I wonder if Jacob ever saw himself in Leah. After all, both sought the attention of man – where he sought the attention of his father, she sought the attention of her husband. God humbles Jacob all the while showing him tremendous grace.
Conclusion
Only God could bring light to a mess like this family - a family that uses sex and children like bartering tools. Great things can come from broken families. Do you know that Leah is the mother of Jesus? No, she isn’t Jesus’ direct mother but she is in Jesus’ family tree. For Leah has an important child, a boy named Judah.
A few moments ago, I was tracing out Leah’s children and making comments on how her husband’s withheld affection marker her. Yet, did you notice I stopped a little early? In fact, Leah has one more child whose name is very different, Judah. “This time I will praise the LORD” (Genesis 29:35b). Judah’s name sounds like the Hebrew word for “praise.” And you need to underscore the word she uses for God.
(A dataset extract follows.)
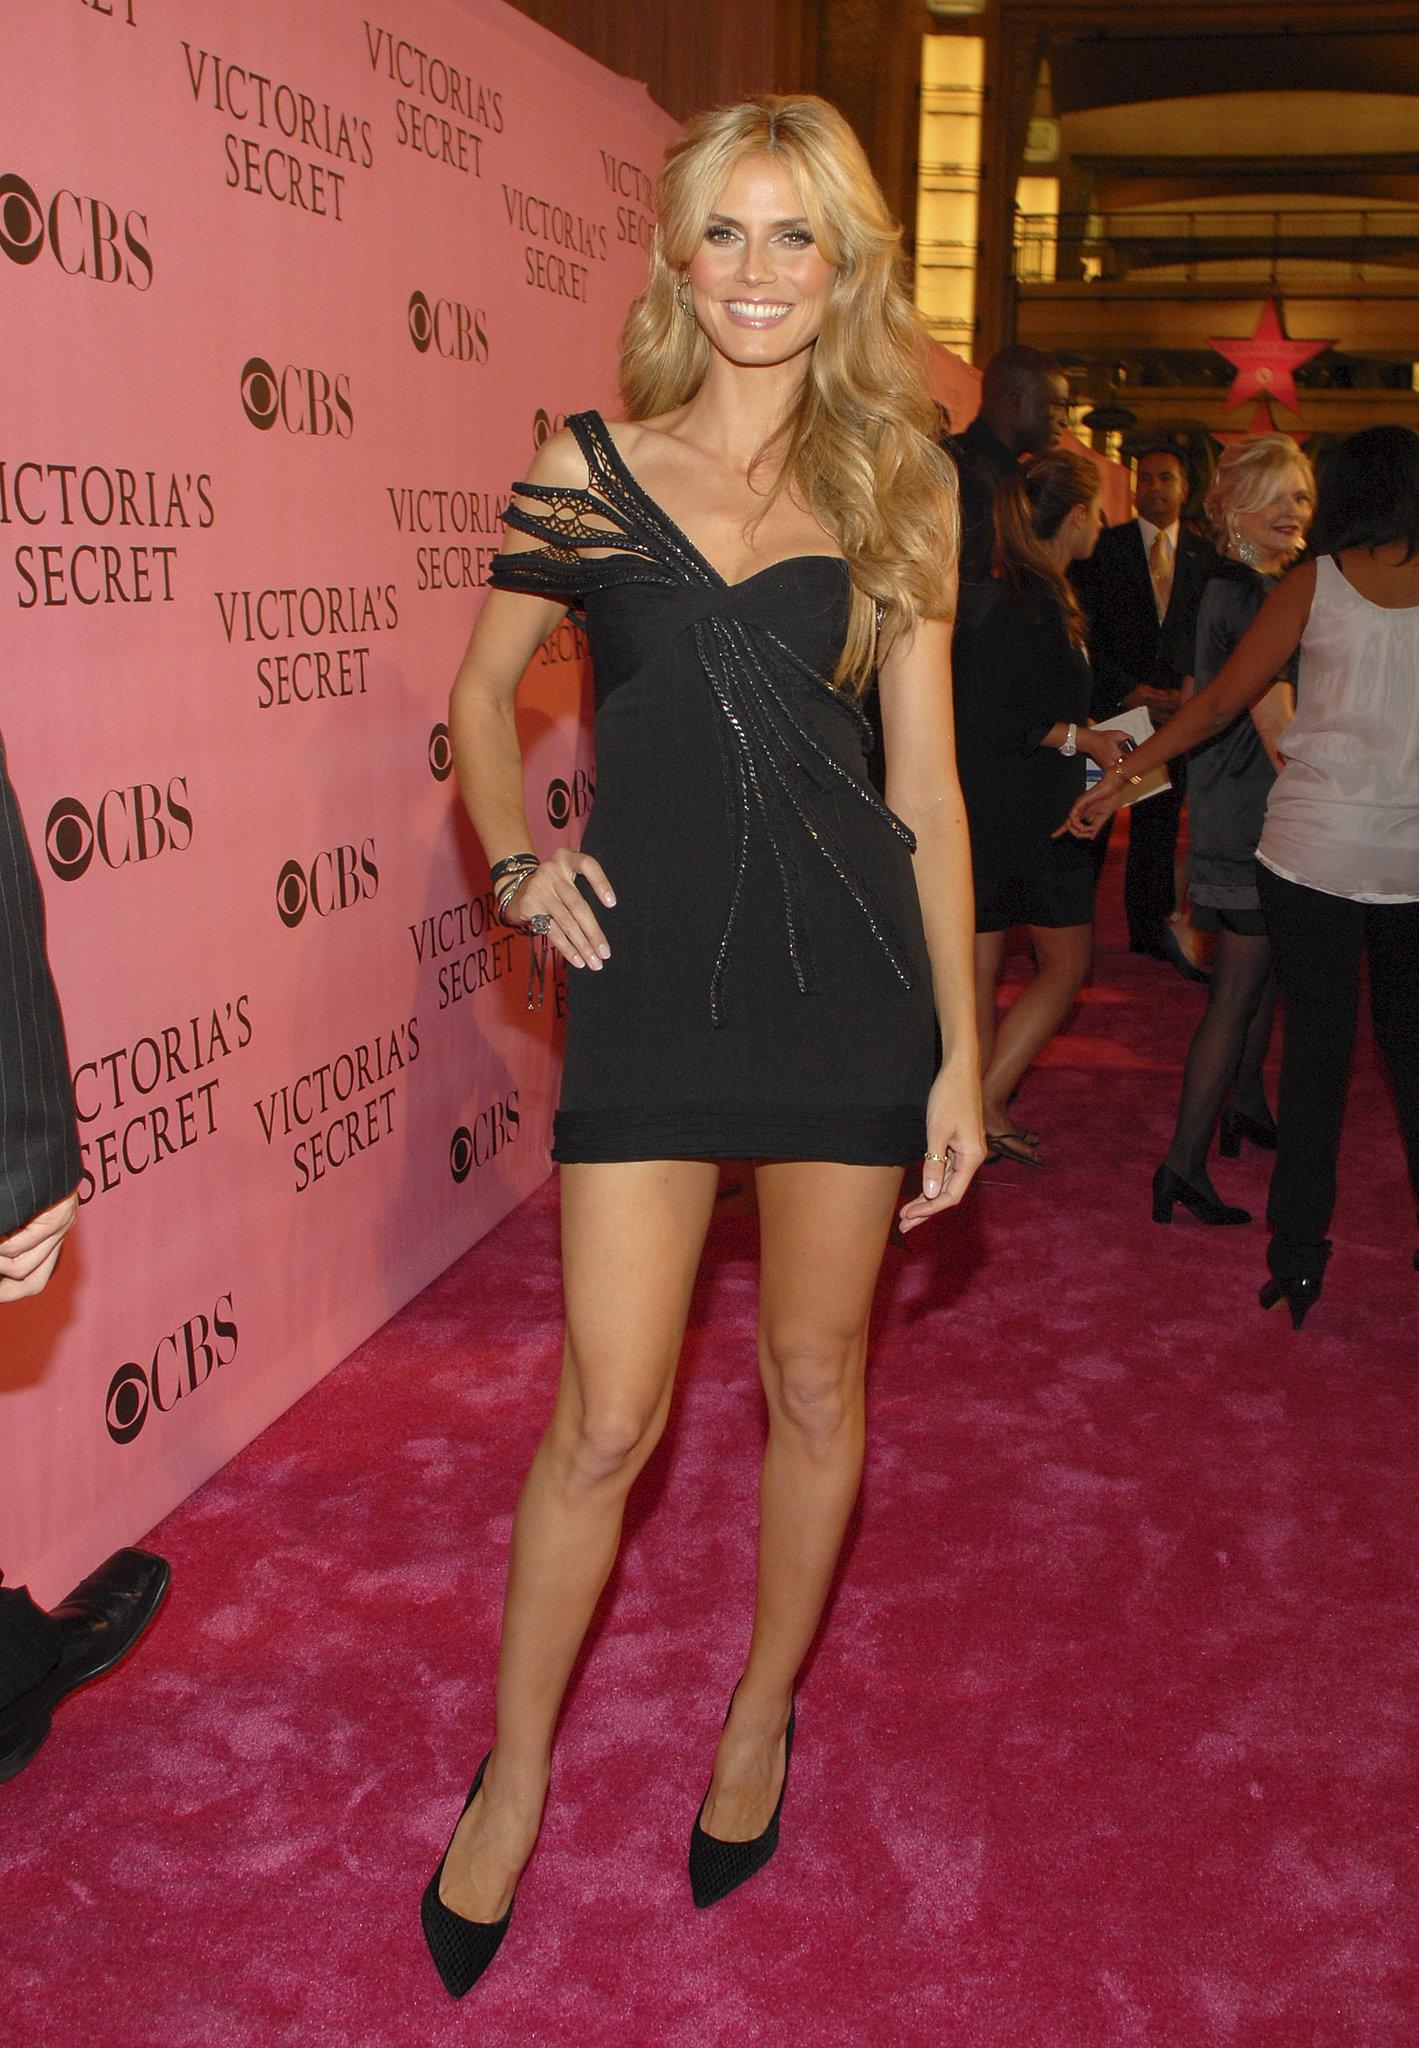 Heidi Klum in a One-Shoulder LBD at the 2007 Victoria's Secret Fashion Show

While everyone around her would have used the generic Elohim, Leah refers to God with the special name that God had revealed to Abraham – Yahweh. She grabbed God by faith. She had experienced a conversion. In place of seeking the affection of her husband, she discovered God’s grace and love. You can almost here her peaceful sigh of relief when the Bible says, “Then she ceased bearing” (Genesis 29:35c). All of her hardships had introduced her to the rich, extravagant grace of God. God comes to Leah and says, “You’ll be the mother of my Son, Jesus.” Leah gave birth to Judah and who is Jesus, the Lion of the tribe of Judah.
You Are Rachel
You might be thinking of yourself as Leah - unwanted. But to Jesus, you look gorgeous. God’s grace seeks out the ones who are unloved and makes us all “Rachel’s.” God is telling you, “You’re no Leah to me. You’re Rachel.” The cross of Christ is the lengths God goes to in order to make His you, His bride. In order to make you beautiful, He became Leah to make us Rachel.
The Effects of the Cross
If your sins were on a computer, then Jesus hit delete. If your sins were written in the sky, then the wind blows the clouds of sin away. If your sins are written on an etch-a-sketch, then Jesus shakes it. If your sins were written on the sand of shores, then Jesus sends a big wave.
Prayer
Father, the truth is there’s nothing about us that is lovely or becoming. We have ruined our lives by the sinful choices of a thousand rebellions. Yet, here You are loving us and offering us grace through Your Son, Jesus.